Unexpected side effects of data expeditions
Both at MozFest and in the online version, people were forced to spend time with people they wouldn’t normally do. I remember one girl coming up to me and saying:
“I’ve never spoken to a coder before!”
Also online, while a lot of the groups entirely disintegrated, some people used the group structure we had set up to stay in touch or ask for help on data or tech issues long beyond the date that the data expedition was scheduled to finish.
Data expeditions were more than just a teaching tool, they brought people together in a way that working alone on a problem or exercise never could.
The final balance
The success of the Data Expeditions and other in-person formats like Data Clinics or targetted workshops meant that School of Data moved away from being a solely online learning mechanism to one which favoured human interaction.
School of Data did still produce materials, and as community members attest, they are a core part of the identity, but the English resources were usually produced “on demand” when an event was coming up which needed them.
The focus on in-person training also changed the nature of what we produced: more lesson plans and materials suited for in-person training.
As the reputation of School of Data grew, the demand for in-person training did too. This is the reason the fellowship was born and that a lot of what School of Data currently does is skillshare.
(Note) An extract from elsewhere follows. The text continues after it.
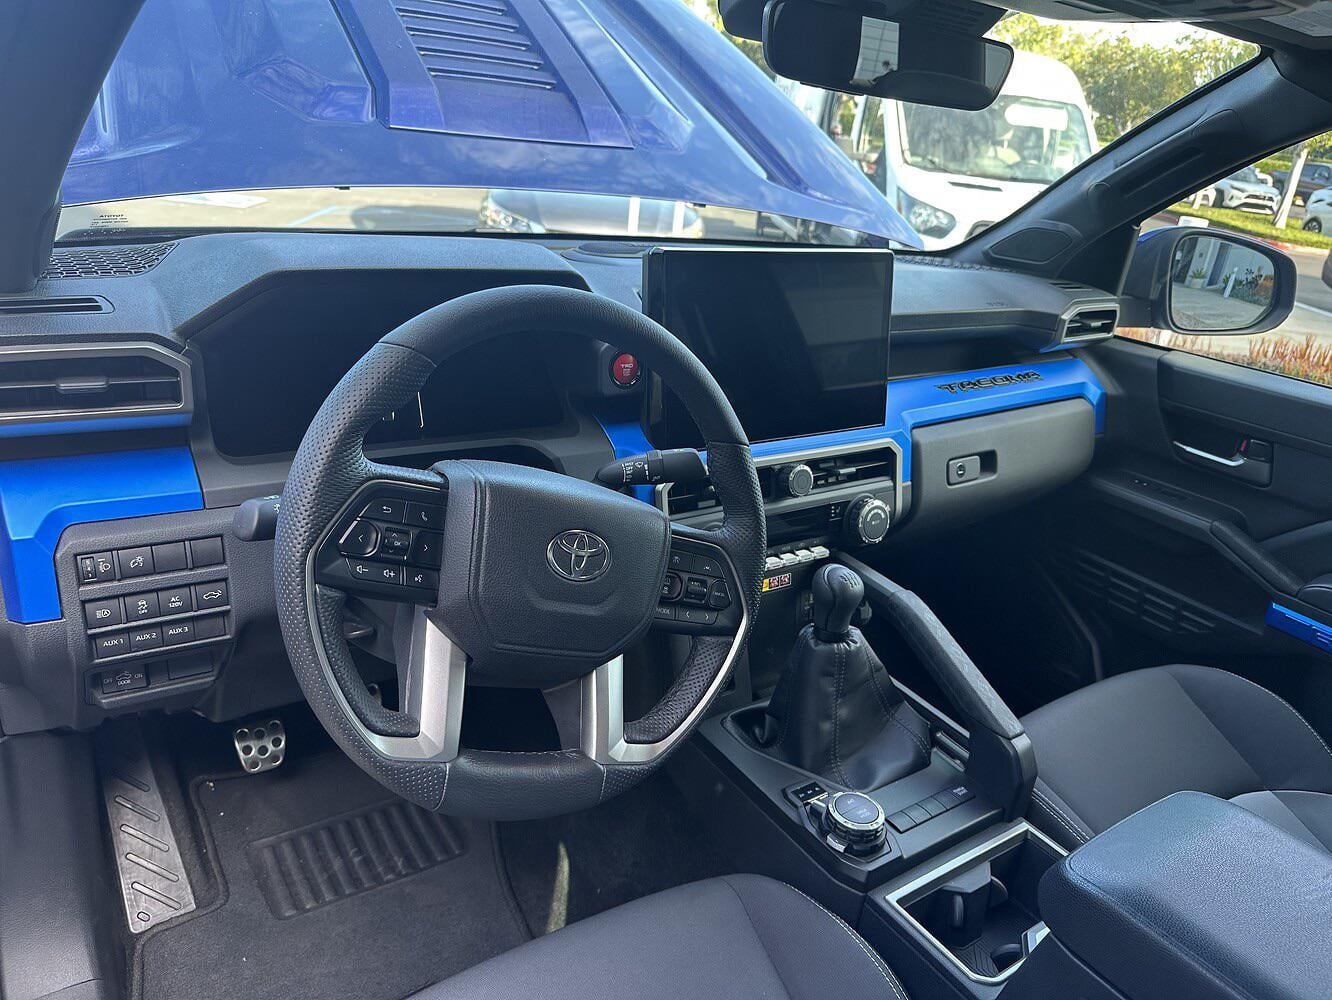 2024 Tacoma Spotted: 2024 Tacoma TRD Sport in Blue Crush Metallic 2024-tacoma-trd-sport-blue-crush-4-

It is much better for people to learn in their own language, taught by people who understand local contexts than for a small group of Europeans to fly around the world pretending to know everything.
- Get yourself some foundational resources so that you can react quickly to common requests for training.
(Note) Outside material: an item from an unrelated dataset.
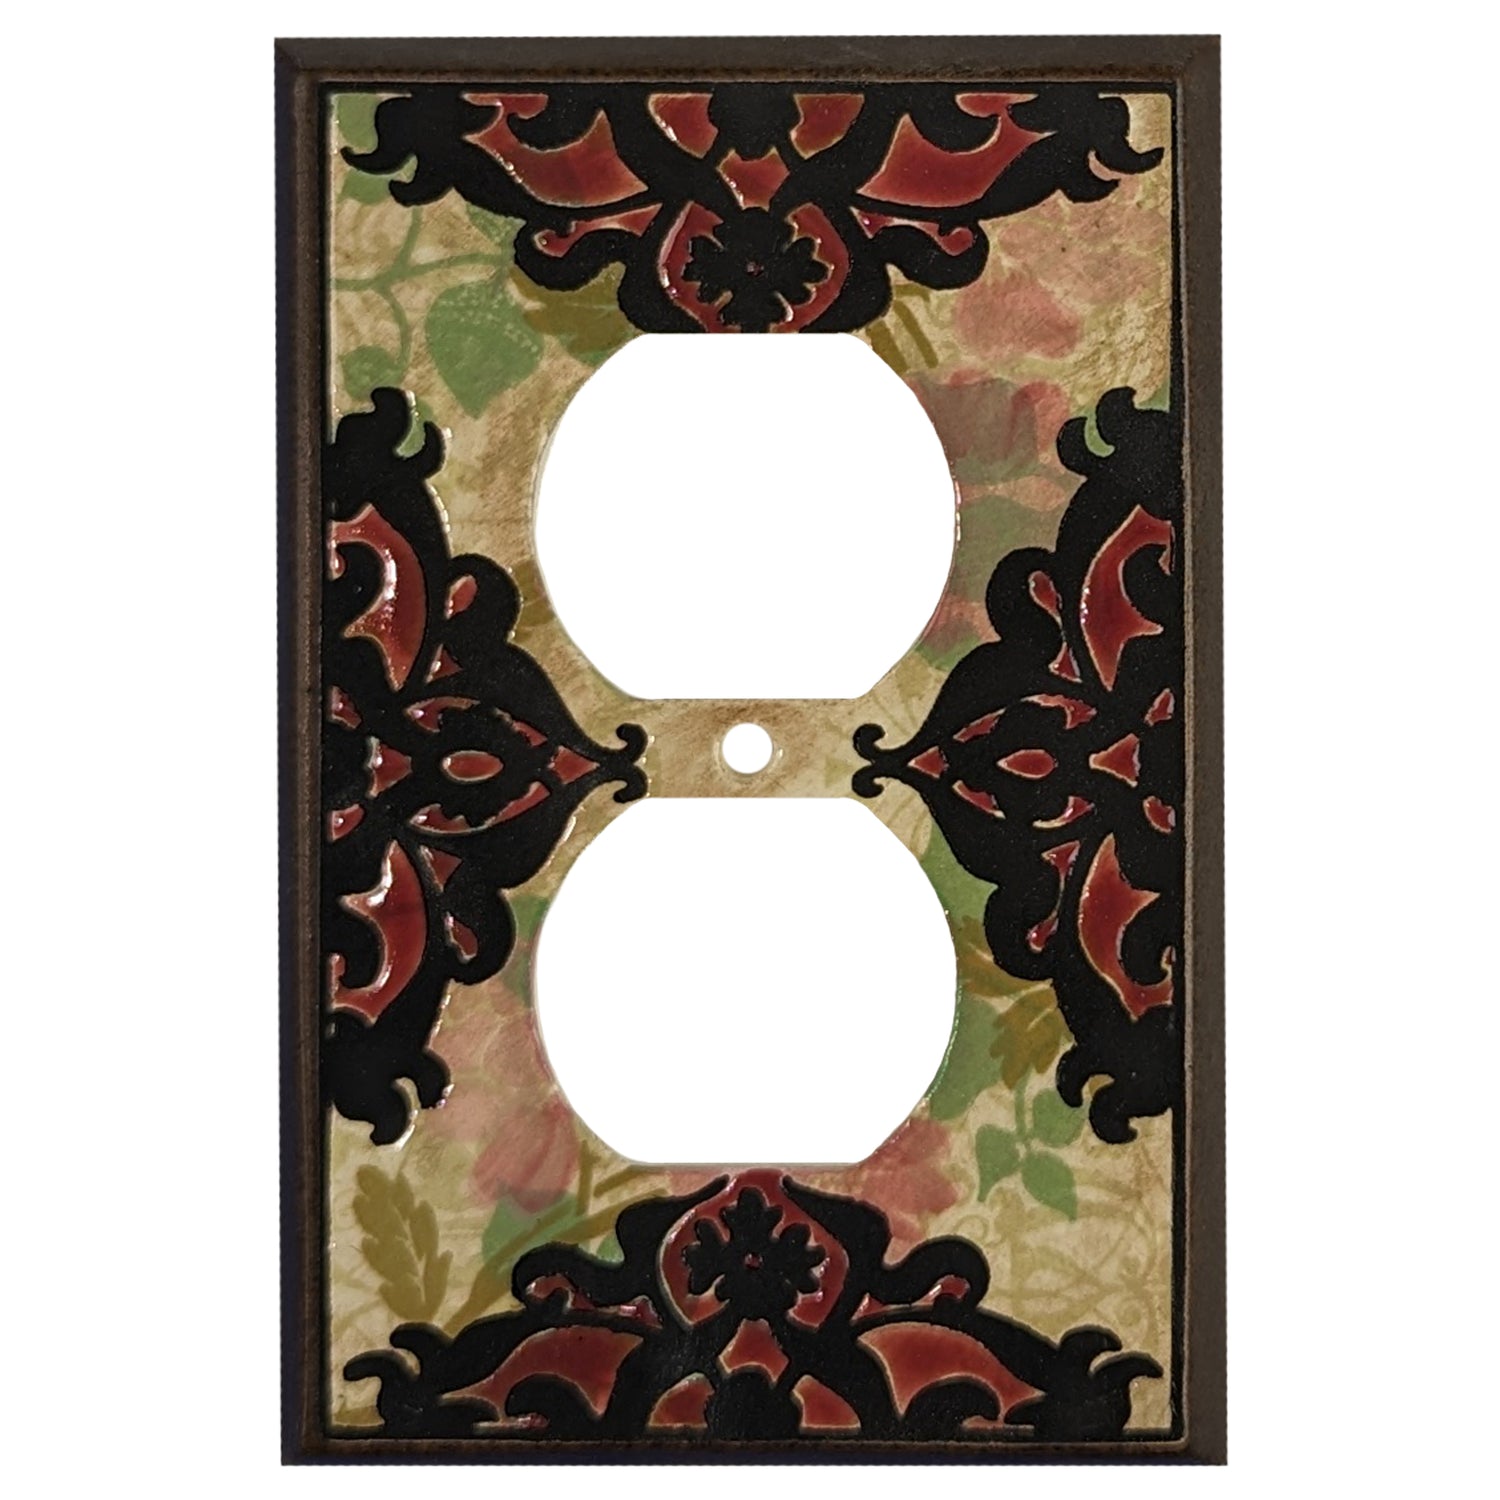 Lace - Brocade Cover Plates Duplex Outlet Wallplate

- Instead of developing material for every topic on the planet, tailor existing resources to specific audiences you are going to work with. If you are working with a budgeting group from Nepal, use budget data from Nepal if you can get it. If you can’t get it, at least use something locally relevant.
- Find yourself some trainers with big ears, who listen more than they talk. A teacher’s job is to understand the problems people are having and provide solutions which are appropriate for them — not to deliver pre-packaged solutions.
Materials are important for sustainability. They can quickly be picked up, translated and shared all across the world. But nothing compares to the reality check that comes from being with the users of those materials in person to make sure you are keeping the project on the right lines.
PostscriptSome of you will have noticed that I promised to write a 5 part series nearly 6 months ago now and have so far produced only 2/5 posts.
The rest of these posts have been sitting on my harddrive, festering and I have been too deliberative to finish them.
On 13th of September 2015, procrastination exterminator and cattle-prod extraordinaire, Michael Bauer, friend and School of Data colleague tragically and unexpectedly passed away.
Michael could not stand procrastination, and never allowed anyone around him to engage in it.
I couldn't think of a more fitting tribute to you than actually finishing this, Michael. I hope you realised how much things moved forward because of you.